Naively applying gradient descent to this objective is problematic as the gradient w.r.t. $\phi$ and $\nu$ will be zero almost everywhere due to quantization. As an alternative, one differentiable relaxation is to use additive random noise in lieu of hard quantization. Considering the single-dimensional case, the probability mass function from integer rounding is:
\[p_{\nu}(\hat{z}) = \sum_{n \in \mathbb{Z}} w_n \delta(\hat{z} - n).\]Where the weights
\[w_n = \mathbb{P}\left(z \in \left(n-\frac{1}{2}, n+\frac{1}{2}\right)\right) = \int_{n-\frac{1}{2}}^{n+\frac{1}{2}} dz \; p_{\nu}^{\textrm{cont.}}(z) = p_{\nu}^{\textrm{cont.}}(n) * \mathcal{U}\left(-\frac{1}{2}, \frac{1}{2}\right)\]describe the probability mass at each quantization point $n \in \mathbb{Z}$. Using the fact that the density function of the sum of independent random variables is given by convolution of the respective densities, a continuous relaxation to the discrete distribution is obtained by passing \(z\) through an additive unit-width uniform noise channel: $\hat{z} \approx z + u, \; u \sim \mathcal{U}\left(-\frac{1}{2}, \frac{1}{2}\right)$. The resulting PDF matches the quantized PMF exactly at $n \in \mathbb{Z}$ and provides a continuous interpolation at intermediate values.

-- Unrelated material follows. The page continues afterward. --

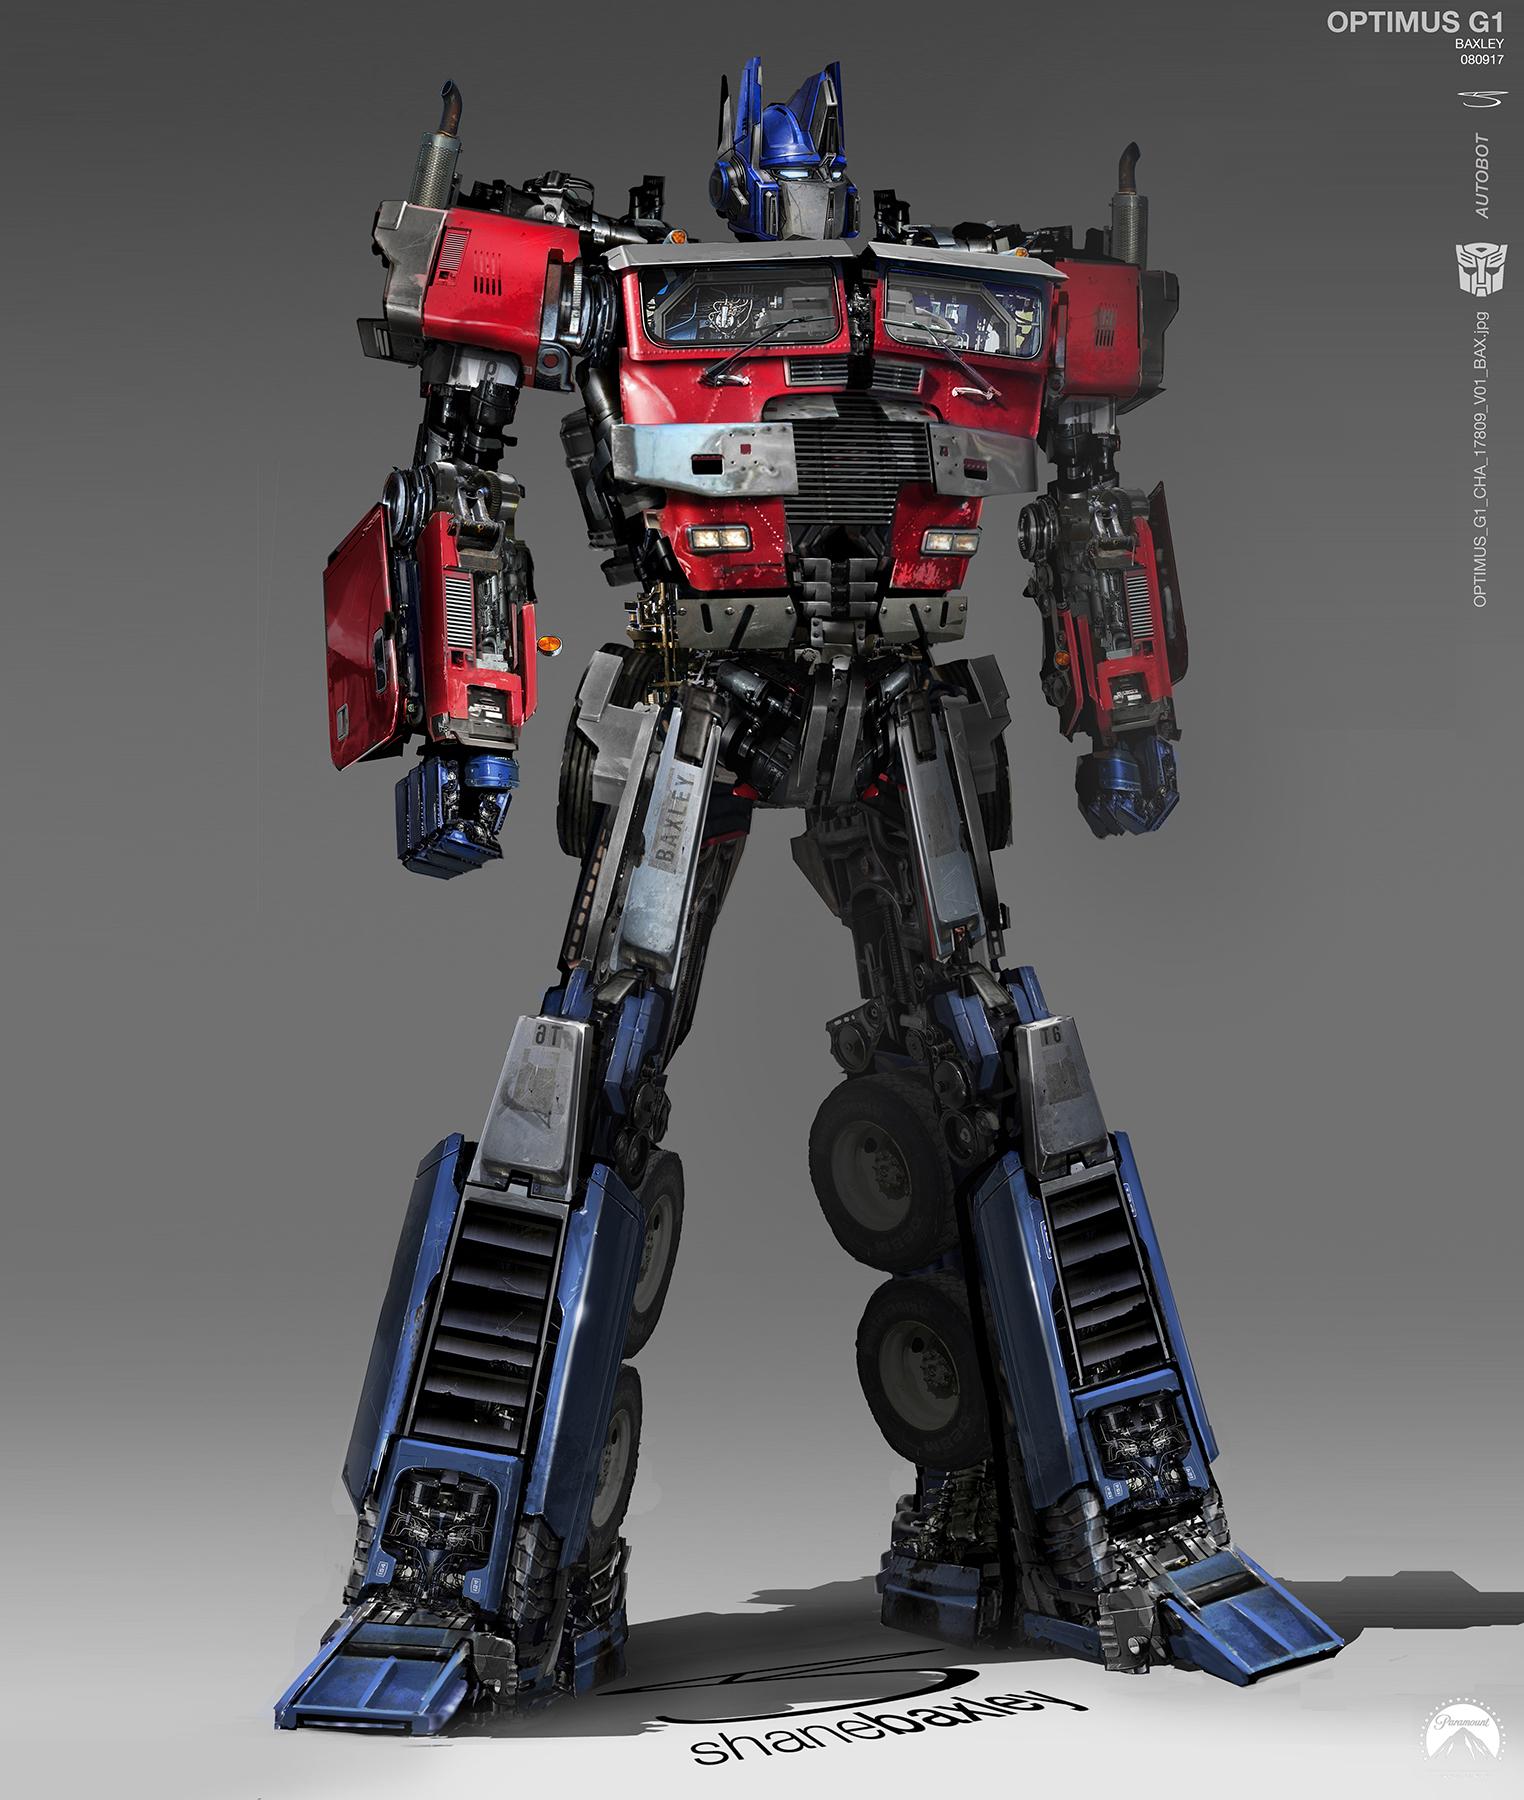 Transformers Bumblebee Movie Concept Art

For the multivariate case, assuming a fully-factored PMF \(p_{\nu}(\hat{\*z}) = \prod_i p_{\nu}(\hat{z}_i)\), additive uniform noise drawn from the $(-1/2,1/2)^C$ hypercube is used in place of quantization:
\[\hat{\*z} \approx \*z + \*u, \quad \*u \sim \mathcal{U}\left(-\frac{1}{2},\frac{1}{2}\right)^C.\]Another alternative is to just use the ‘straight-through estimator’, where the gradients of the rounding operation are defined to be the identity: \(\nabla \lfloor \*z \rceil \triangleq I\) - in effect ignoring quantization during the backward pass. It appears that modern approaches, including the HiFIC paper [1], use an ad-hoc mixed approach where the uniform noise channel is used to learn the prior probability model, but the straight-through estimator is used when \(\lfloor \*z \rceil\) is passed as input to the generator. In either case, the end result is that the (approximated) gradients can flow freely backward, and the rate-distortion Lagrangian can be optimized using stochastic gradient-based methods.

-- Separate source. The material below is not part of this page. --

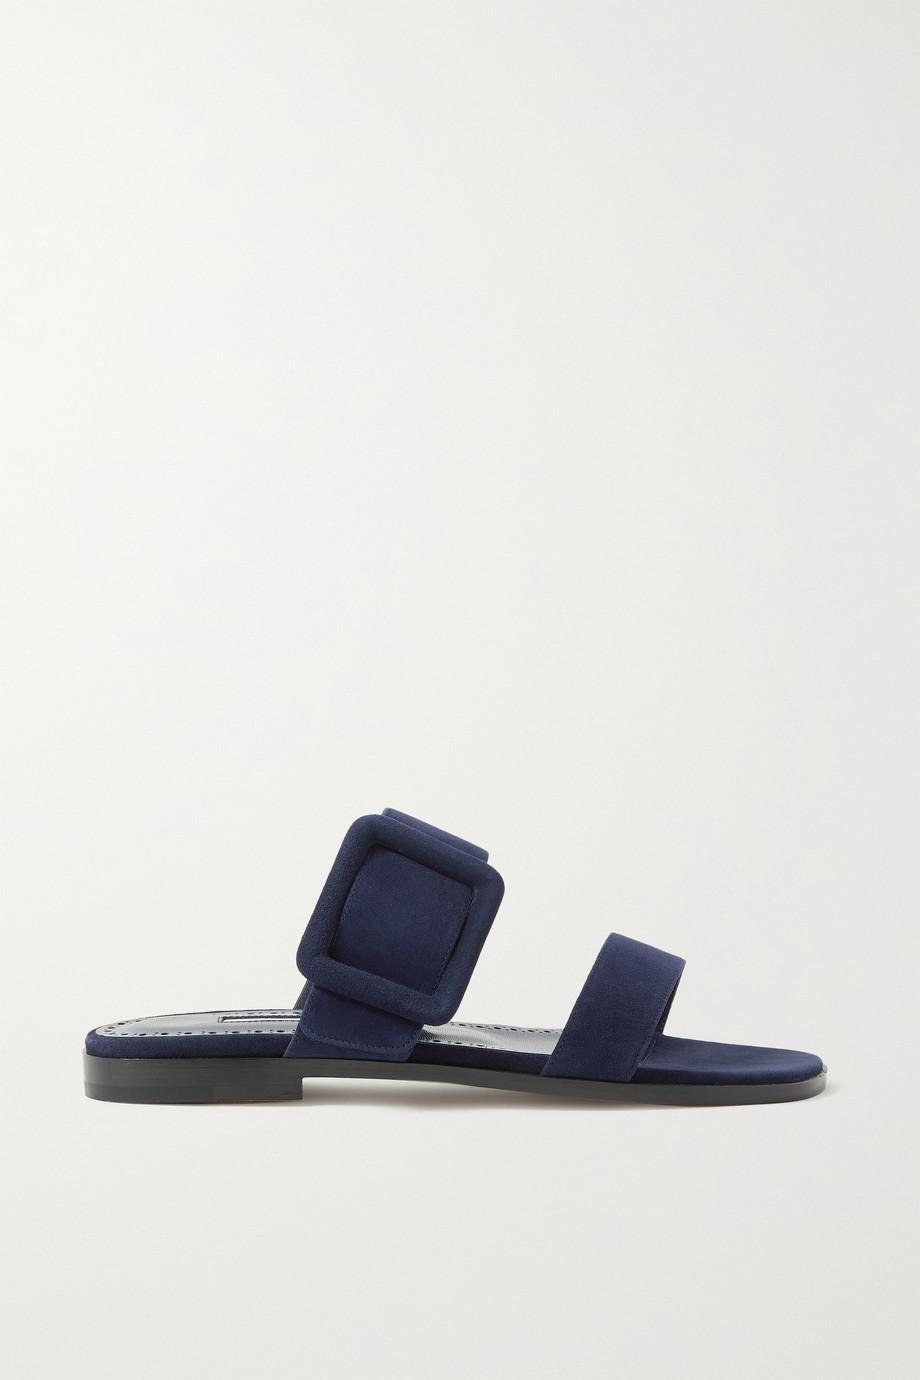 Manolo Blahnik Tituba buckled suede sandals

In the (hypothetical) second part of this series, we’ll draw an interesting connection between data compression and variational inference.
[1] Mentzer, Fabian and Toderici, George and Tschannen, Michael and Agustsson, Eirikur., “High-Fidelity Generative Image Compression.”, arXiv:2006.09965 (2020).
[2] J. Ballé, D. Minnen, S. Singh, S. J. Hwang, N. Johnston., “Variational image compression with a scale hyperprior”, arXiv:1802.01436 (2018).